Молчание меж отцом и сыном затянулось. Наконец Викентий Валентинович спохватился, что ведет себя невежливо. Метнулся к дверям — бежать на кухню, за несуществующим чаем, но Игорек, стоявший в проходе между тахтой и табуретом, неожиданно, со всей откровенностью, не пряча лица, посмотрел в глаза отцу, и Мценский, страшно волнуясь, осадил под этим взглядом, не смея прикоснуться к застрявшему в проходе сыну, не говоря уж о том, чтобы приобнять его как бы нечаянно; тут же попутно сделал он для себя отрадное открытие; на еще неузнанном, почти чужом лице Игоря трепетала заторможенная, как бы с изломанными крыльями, улыбка. Стало быть, может улыбаться, не разучился. Тогда-то что!
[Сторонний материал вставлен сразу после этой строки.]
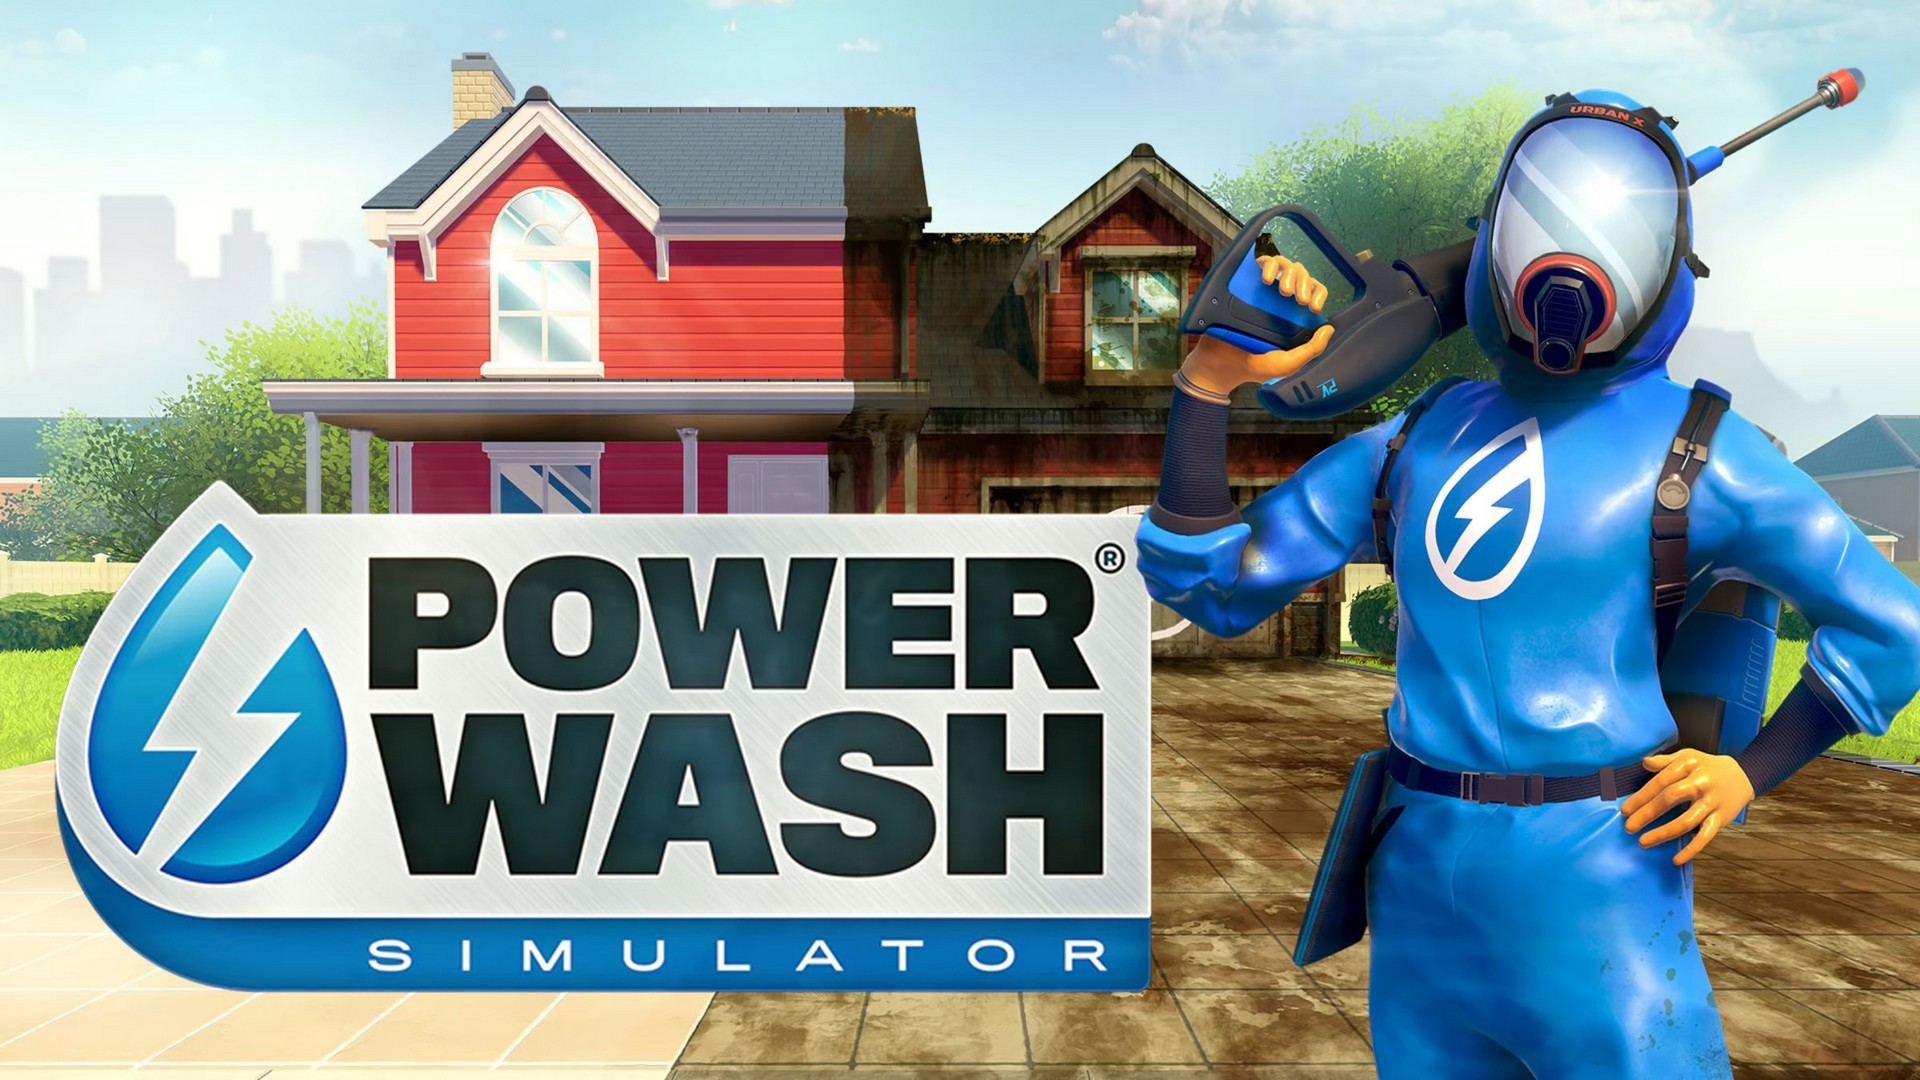 PowerWash Simulator getting boxed download code release on June

— Сынок, ты не подумай чего: я ведь рад! Я пойду, пойду к вам жить, к тебе… Только очухаюсь малость. В себя приду. Ну, и по хозяйству. Хорошо? Не обидишься теперь? Это ты замечательно сообразил: вместе жить! Ну, а если жениться надумаешь — я сразу уйду. Только предупреди заранее. А вообще-то я в деревню решил перебираться. По совету врача. Подальше от соблазнов. Хотя опять же — как посмотреть на эти соблазны. Иной раз сдается, что все они, соблазны, не от города, не от толпы, а вот именно от уединения. Ха! Чего это я размечтался так громко?! Давай-ка, сынок, закурим, что ли? Вот я окошко открою, а то здесь пахнет нехорошо.
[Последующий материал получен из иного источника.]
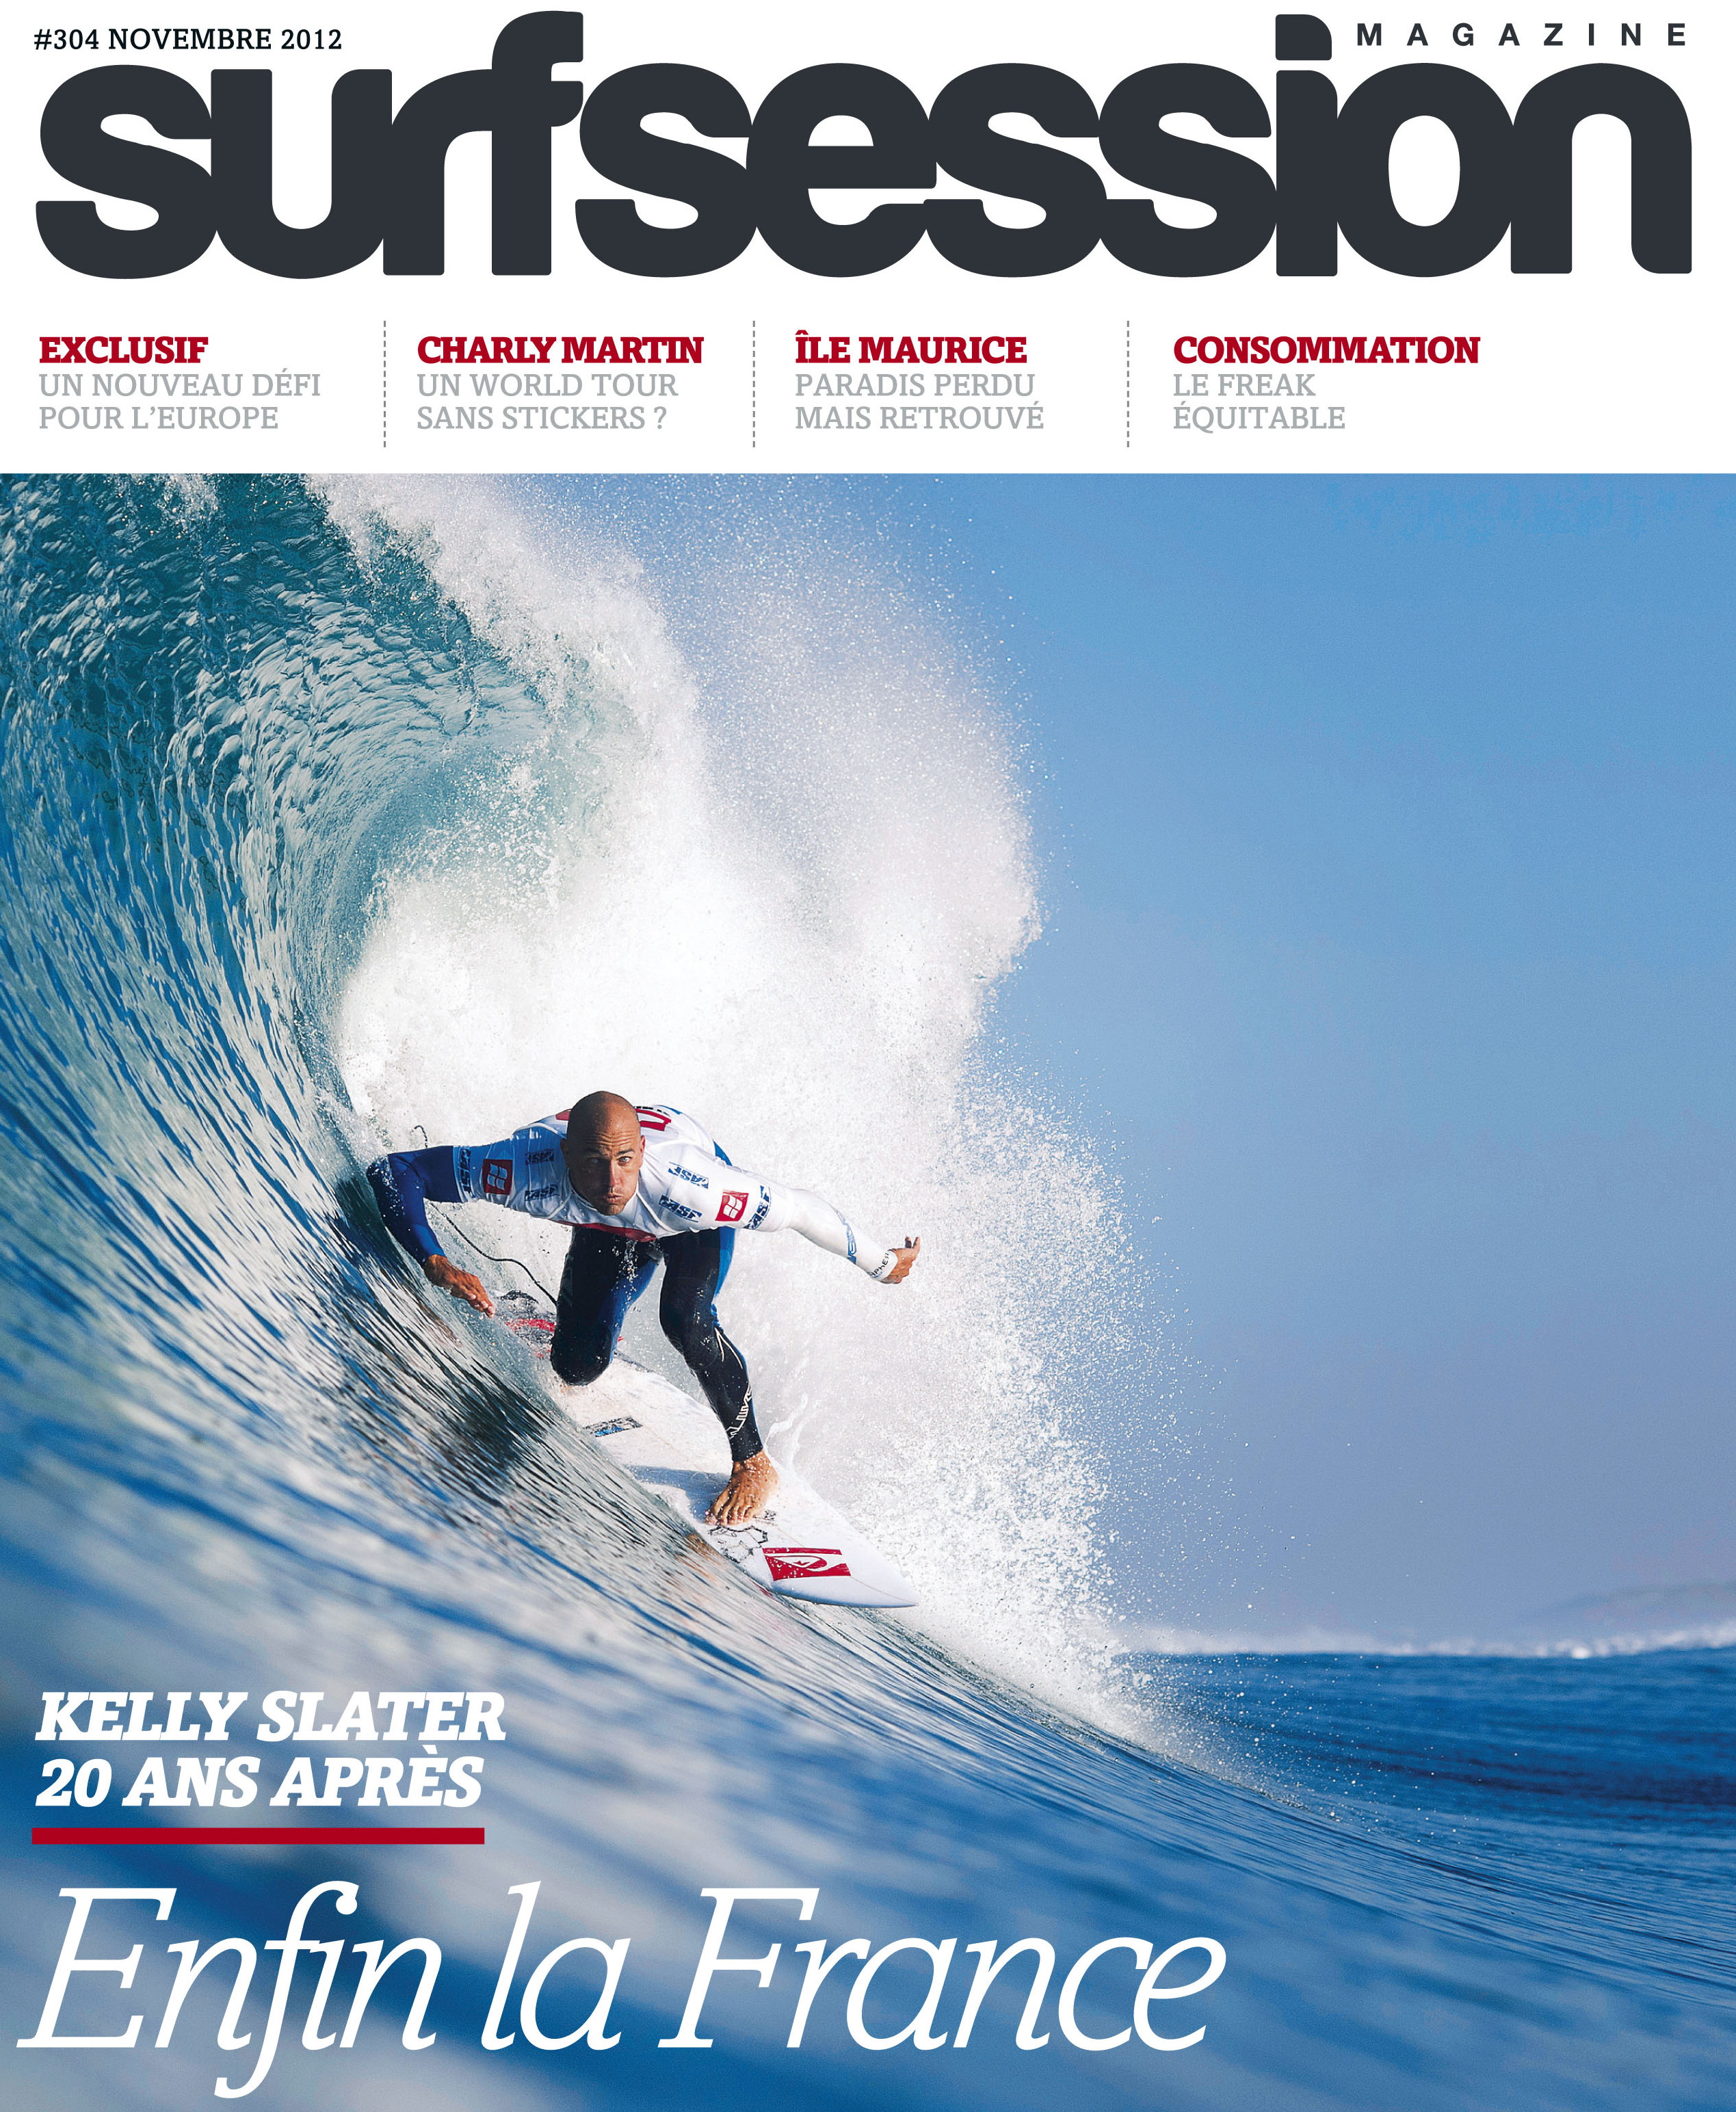 Surf Session 304

Широкий подоконник, исполнявший в комнатенке функции стола, был уставлен порожними бутылками, некогда вскрытыми консервными банками, содержащими теперь полуистлевший пищевой прах; усыпан был окурками, сухой хлебной крошкой, пеплом, горелыми спичками, нетленной, из-под плавленых сырков, серебристой фольгой. Под всем этим по-моечным хламом простирался бледно-желтый, выгоревший на дневном свету, газетный лист с фотографиями официальных лиц, чье возвышение и уход из недолговечной известности прошли для Викентия Валентиновича незамеченными, поскольку в больнице из-за плохого самочувствия газет он не читал, телевизора не смотрел — не до того было.